### DATA BLOCK:
_ _ _ _ _

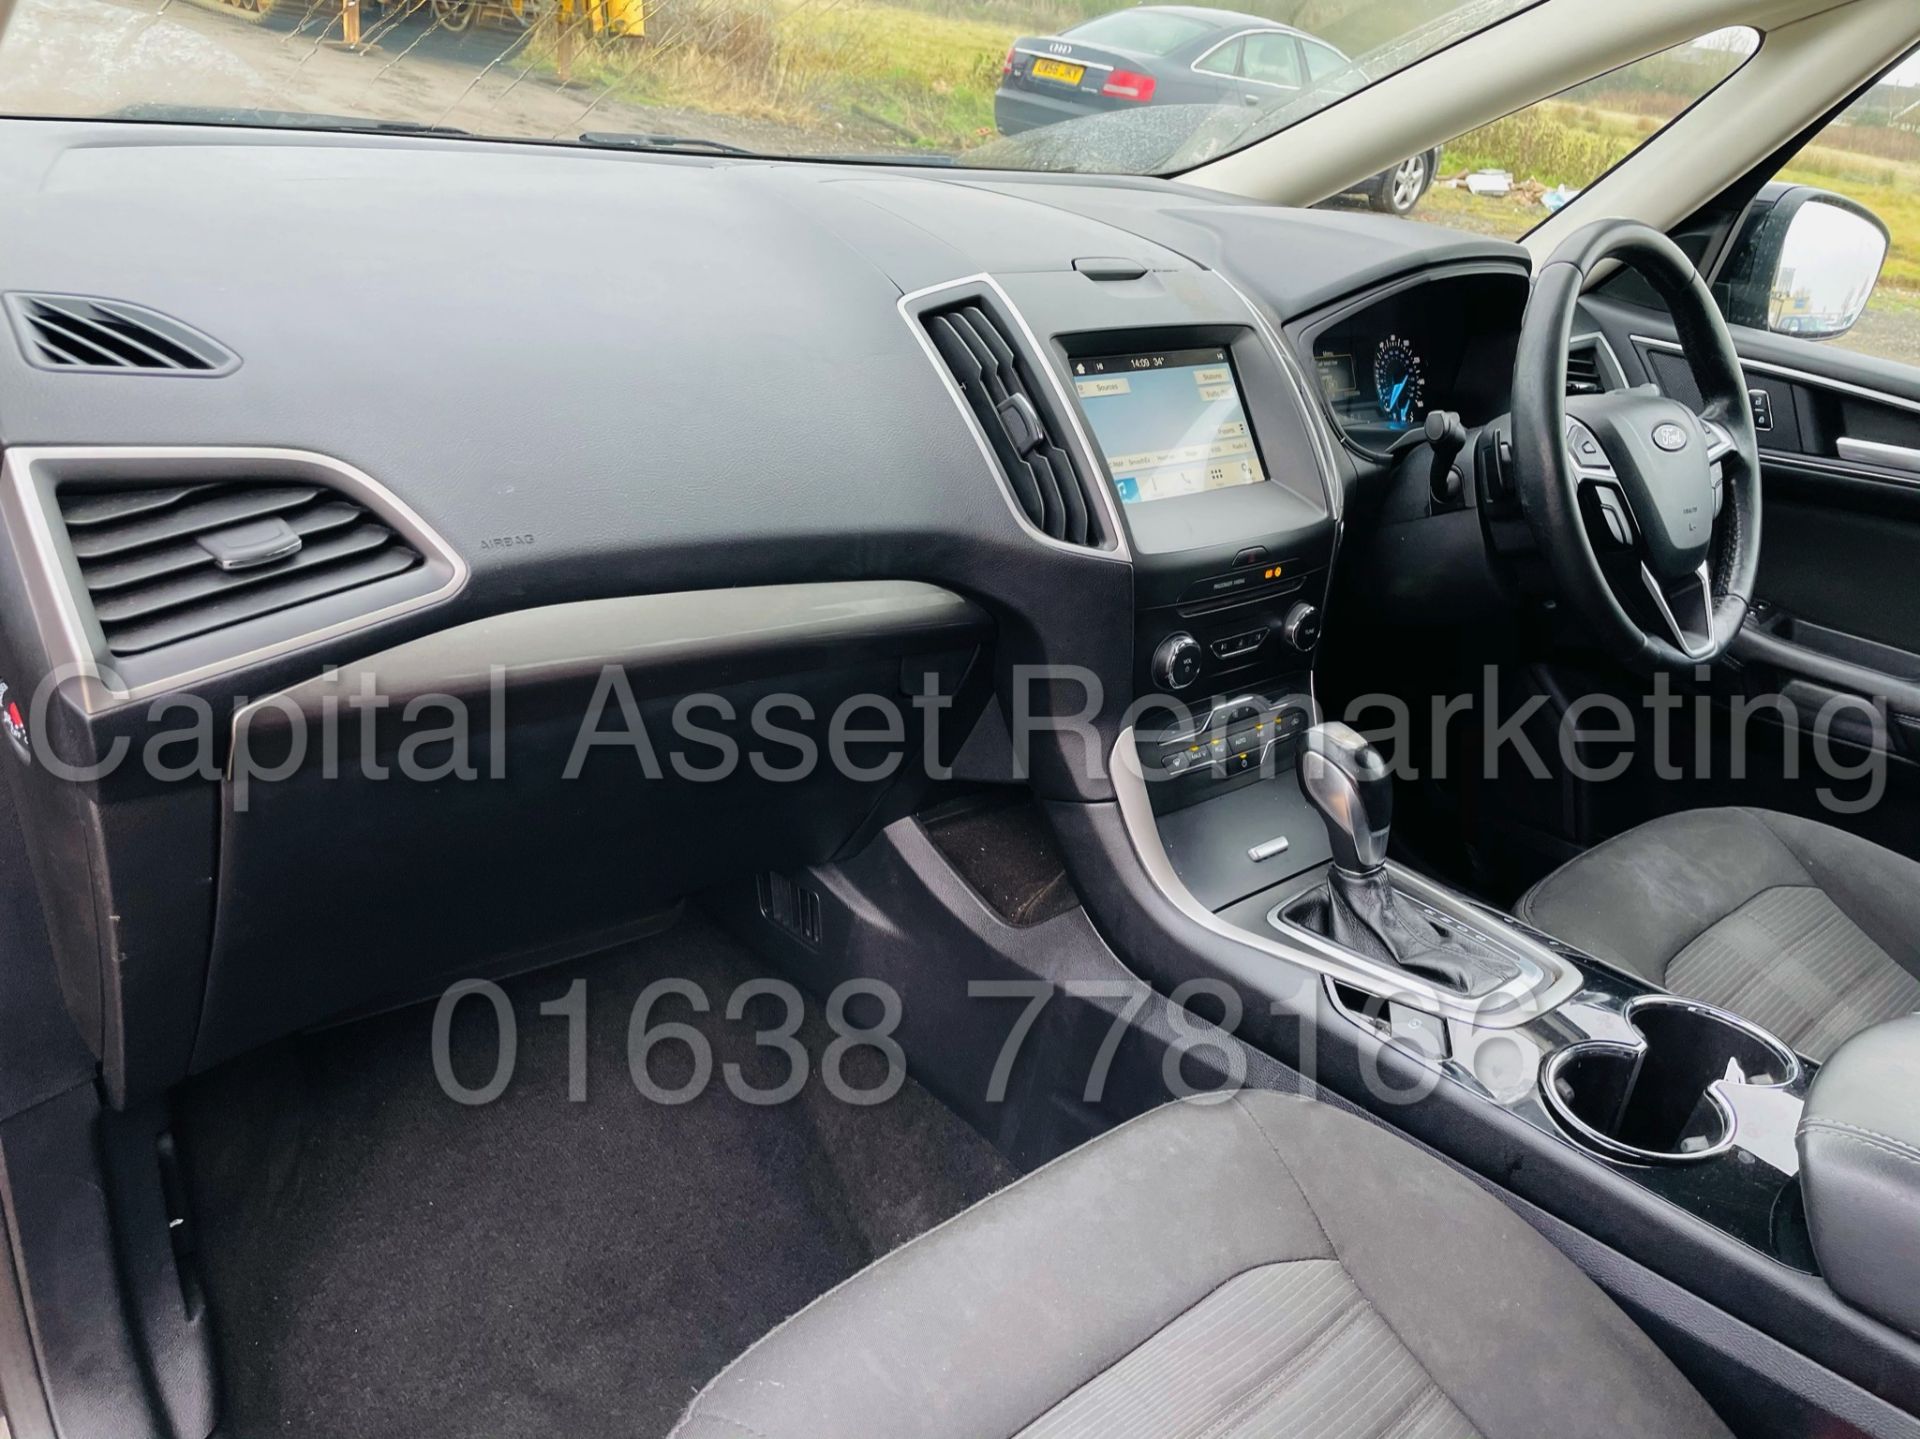 (On Sale) FORD GALAXY *ZETEC EDITION* 7 SEATER MPV (2017 - EURO 6) '2.0 TDCI - AUTO' (1 OWNER) - Image 21 of 48
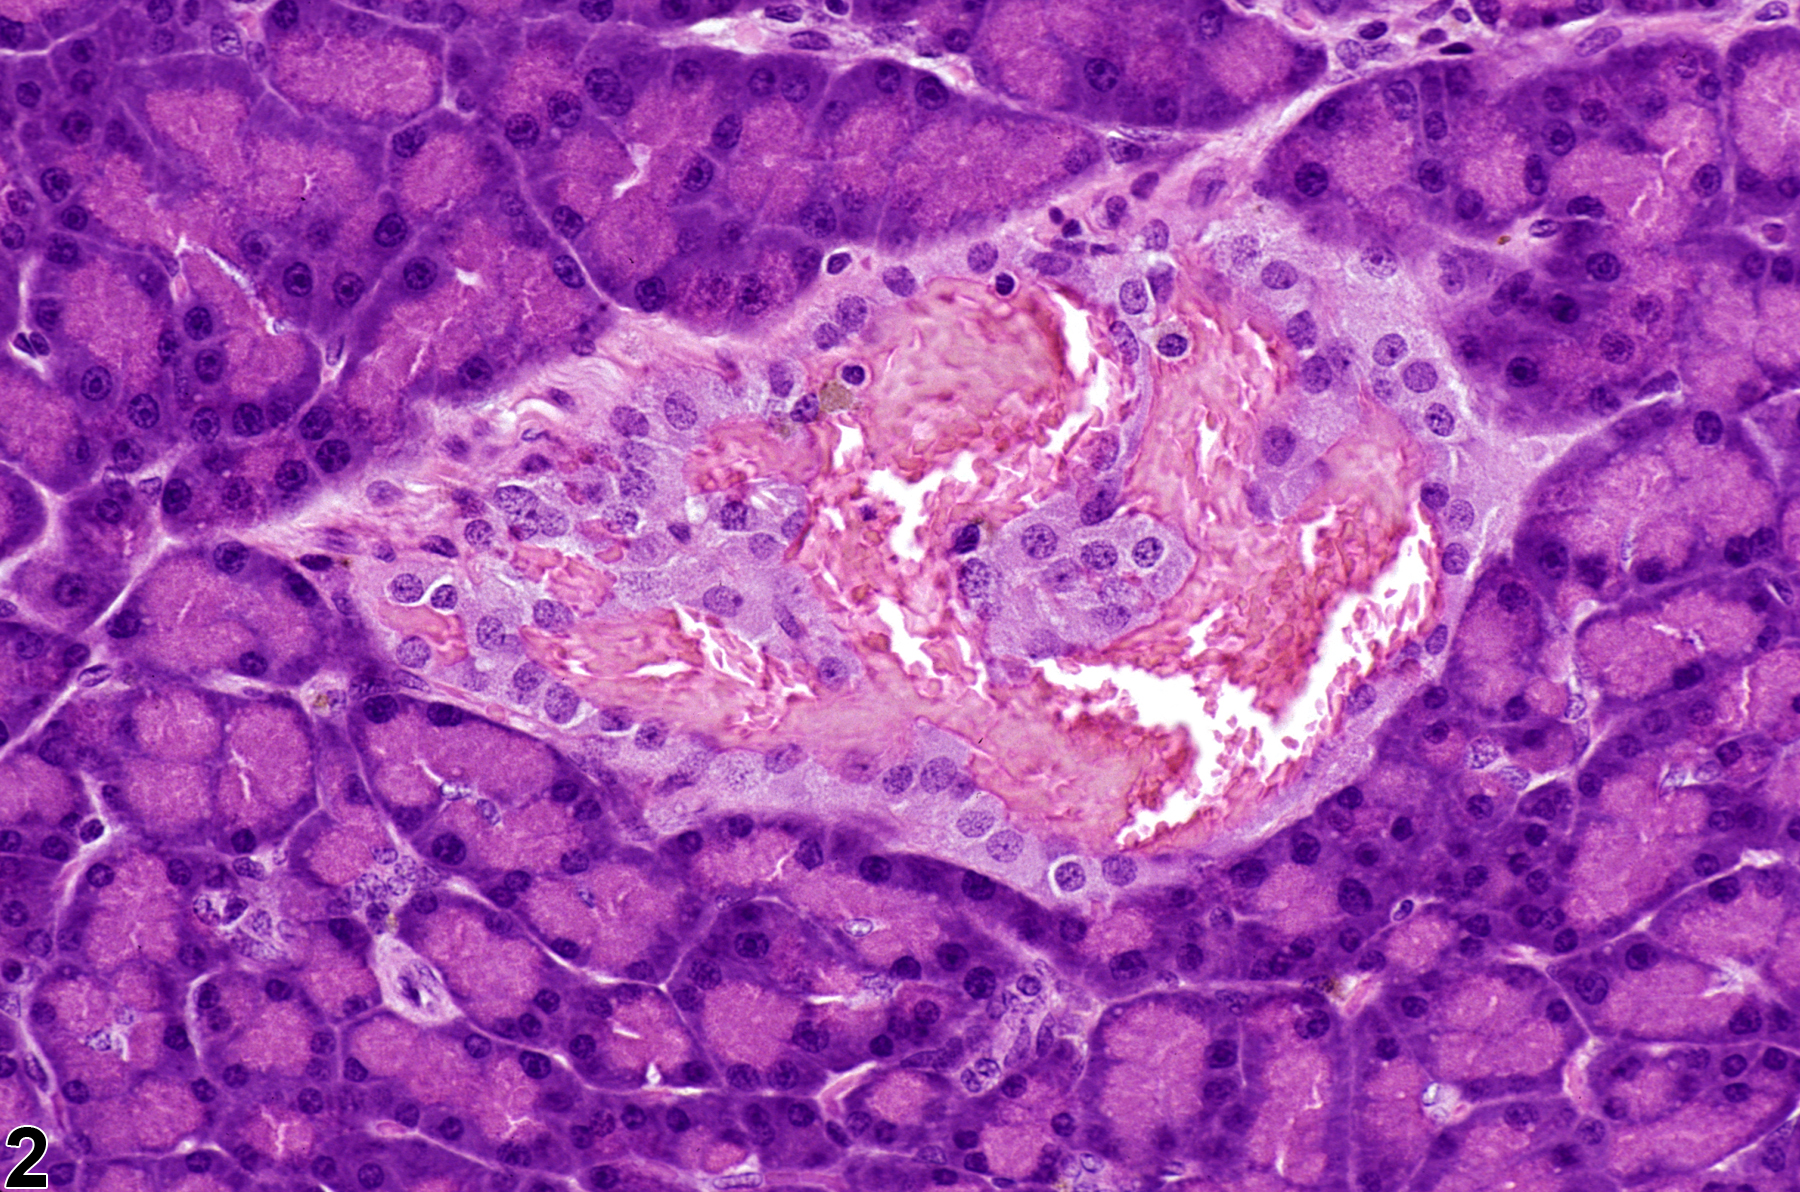 Image of angiectasis in the pancreatic islet from a male F344/N rat in a chronic study
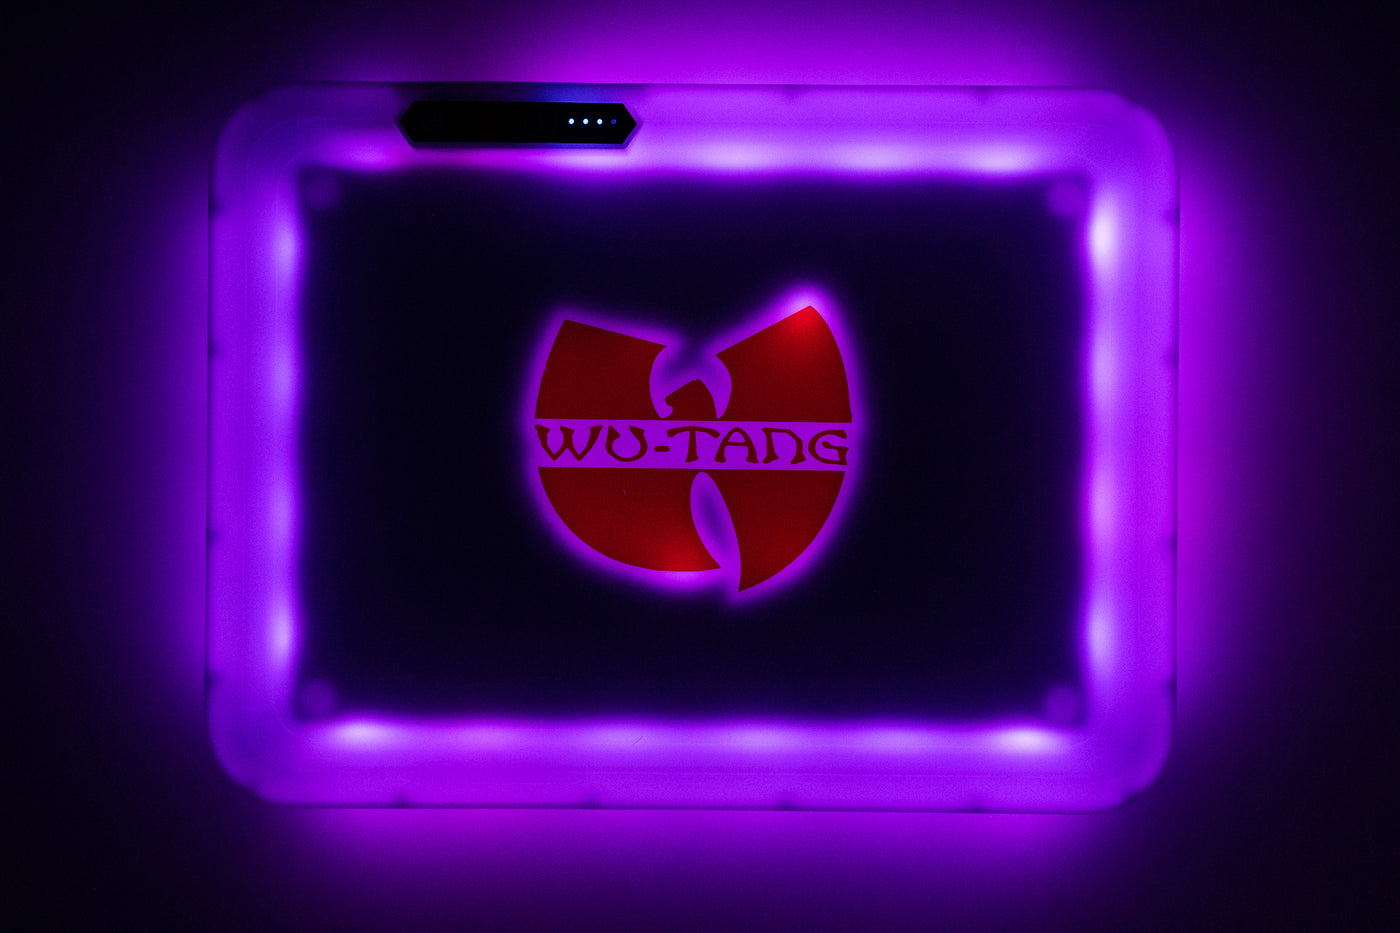 Image of Wu LED Rolling Tray in the color setting purple
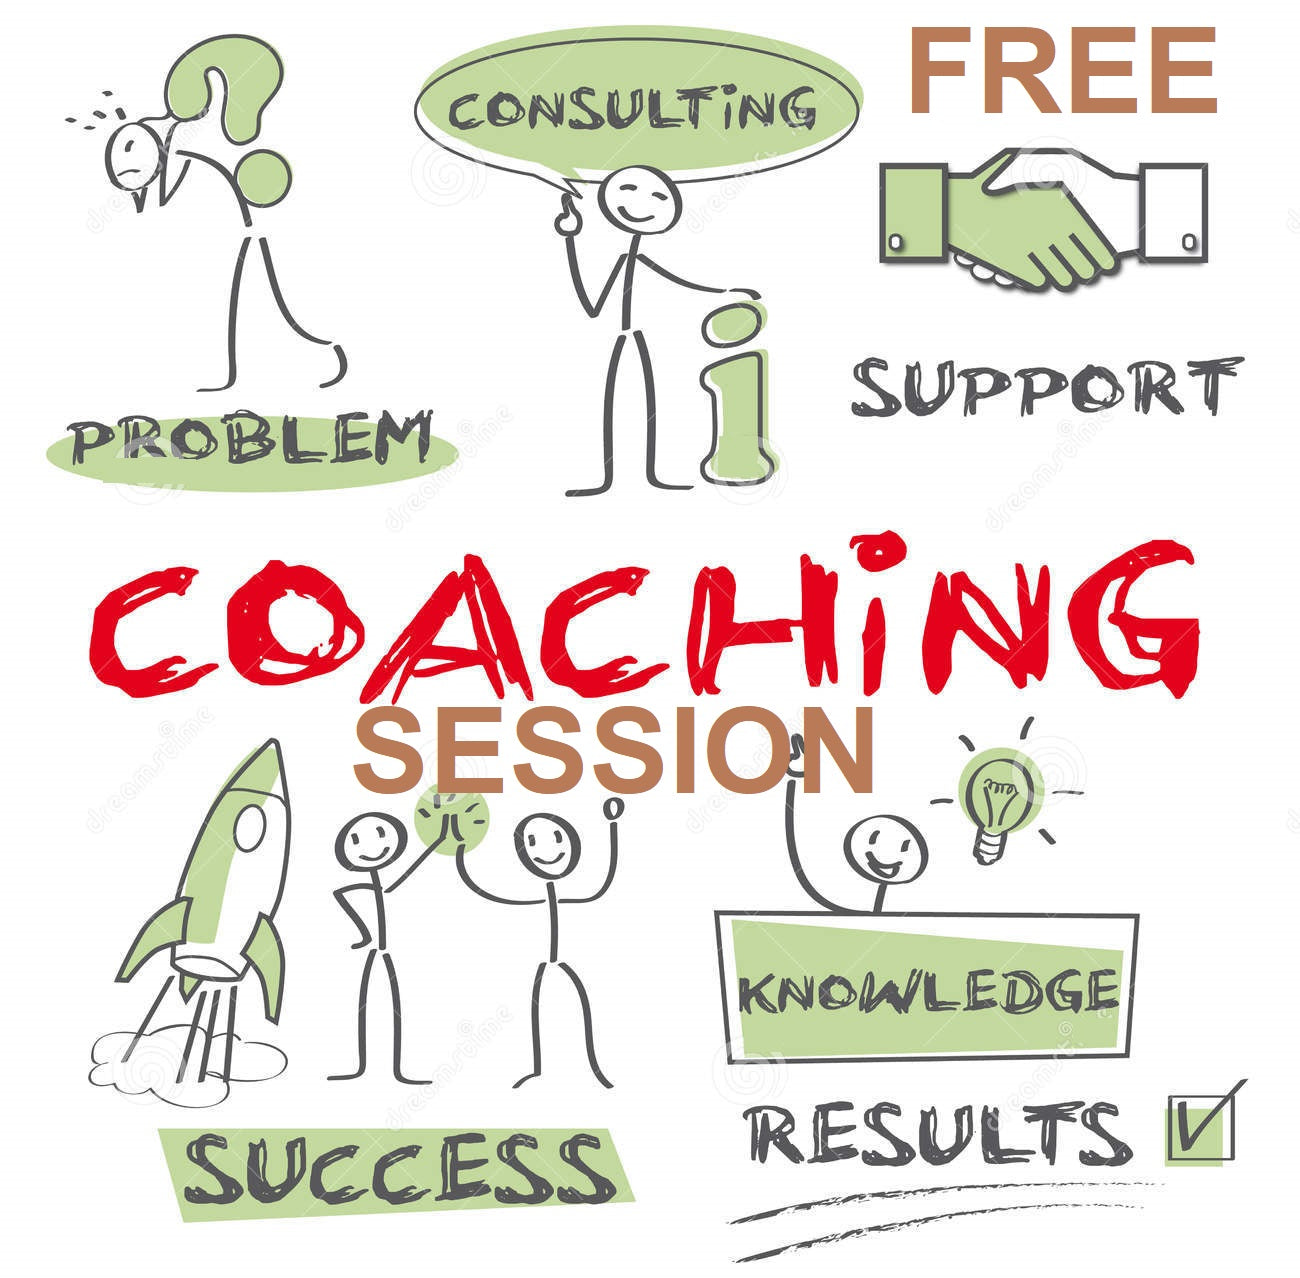 FREE Coaching - 15 Minutes - Introductory

_ _ _ _ _

### YOUR INSTRUCTIONS:
Pictures are not part of the copy; transcribe the rest of the data verbatim.

### EXERCISE RESULT:
 (On Sale) FORD GALAXY *ZETEC EDITION* 7 SEATER MPV (2017 - EURO 6) '2.0 TDCI - AUTO' (1 OWNER) - Image 21 of 48
 Image of angiectasis in the pancreatic islet from a male F344/N rat in a chronic study
 Image of Wu LED Rolling Tray in the color setting purple
 FREE Coaching - 15 Minutes - Introductory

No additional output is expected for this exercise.